Reading HTTP headers: request, response and what they control
How HTTP headers frame every request and response, why direction matters, and how caching, CORS and security headers change real behavior.
Headers are the metadata around every message
An HTTP exchange is more than a URL and a body. Before the body, both the client and the server send a block of headers, which are simple name and value lines that describe the message. A request carries headers like Host, Accept and User-Agent to say what is wanted and who is asking, while a response answers with headers like Content-Type, Content-Length and Server to describe what is coming back. Reading these lines is often the fastest way to understand why a page loaded, redirected or failed.
Why direction matters
Every header has a direction, and getting it wrong is a common source of confusion. Accept, Cookie and Authorization only make sense as request headers set by the client, whereas Set-Cookie, ETag and Location belong on the response. A handful, including Content-Type, Cache-Control and Connection, are legitimately used in both directions, which is why the reference marks them both. The Direction menu above exists so you can filter to just the side you are working on and avoid setting a response-only header on an outgoing request.
Caching and conditional requests
Caching headers decide whether a browser or proxy can reuse a response instead of fetching it again. Cache-Control sets the policy, Expires gives an absolute deadline, and ETag and Last-Modified act as validators. On the next visit the client sends If-None-Match or If-Modified-Since, and if nothing changed the server replies 304 Not Modified with no body, saving bandwidth. The Age and Vary headers round this out by reporting how long a shared cache has held an object and which request headers change which response is stored.

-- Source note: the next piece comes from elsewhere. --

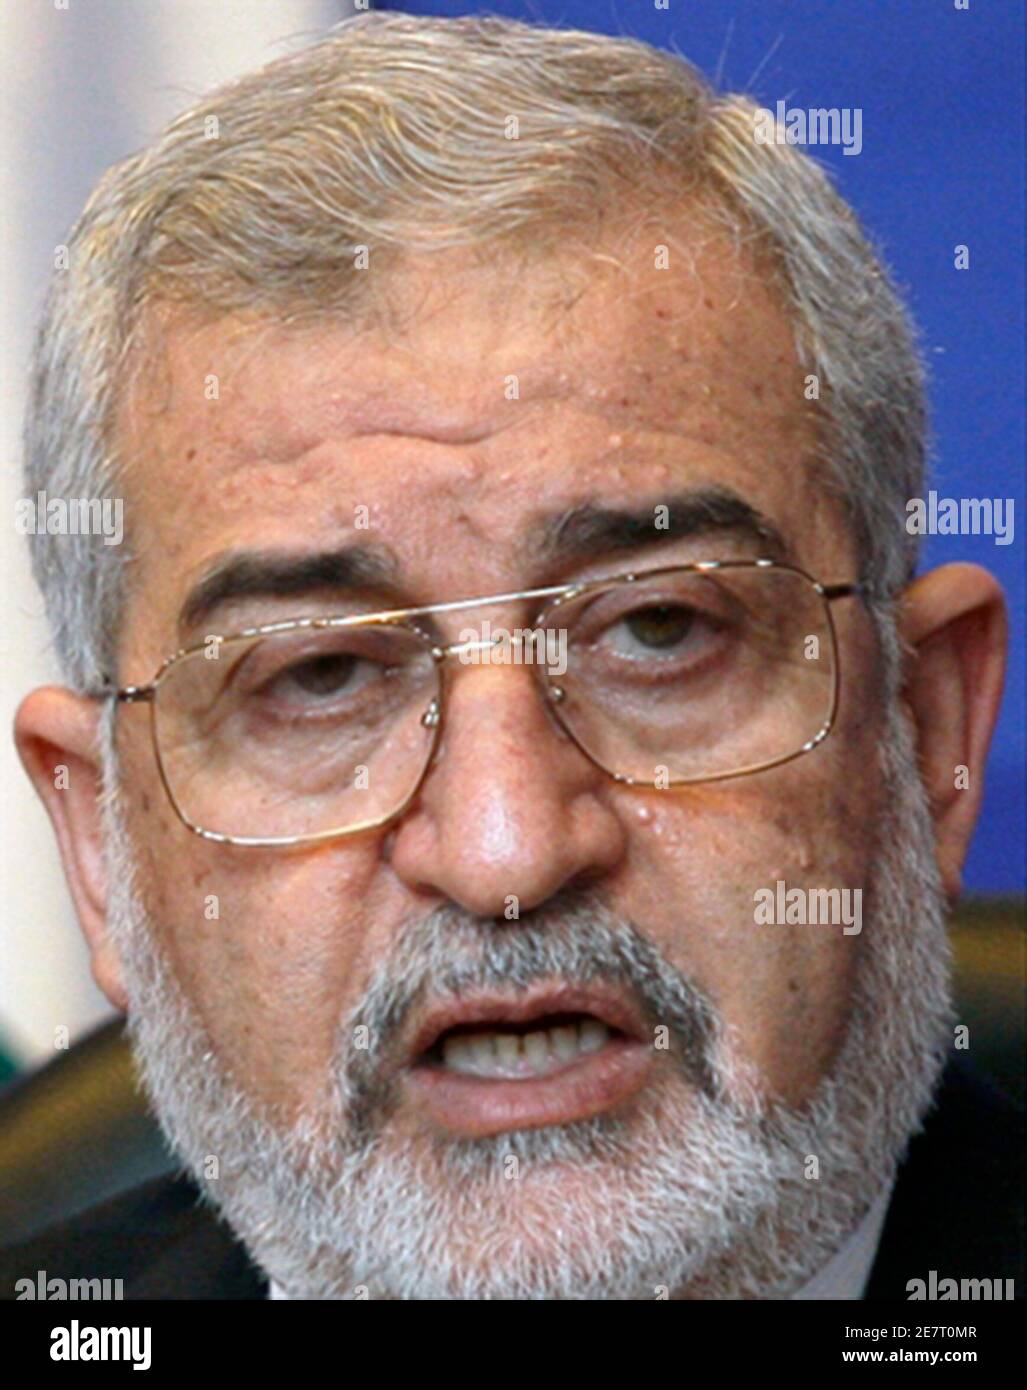 Undated file photo shows Iraqi parliament speaker Ayad al-Samarai, a candidate for Iraq's March 7, 2010 parliamentary election. REUTERS/Staff/Files (IRAQ - Tags: POLITICS ELECTIONS HEADSHOT) Stock Photo

Security and cross-origin headers
A modern site leans on response headers to defend itself. Strict-Transport-Security forces future visits onto HTTPS, Content-Security-Policy restricts where scripts and images may load from to blunt cross-site scripting, and X-Frame-Options blocks framing to stop clickjacking. Cross-origin behavior is governed separately by the Access-Control family, which lets a server declare which other origins may read its responses. Copying a correct example from the table is a quick way to start from a known-good value before you tailor it to your own domain.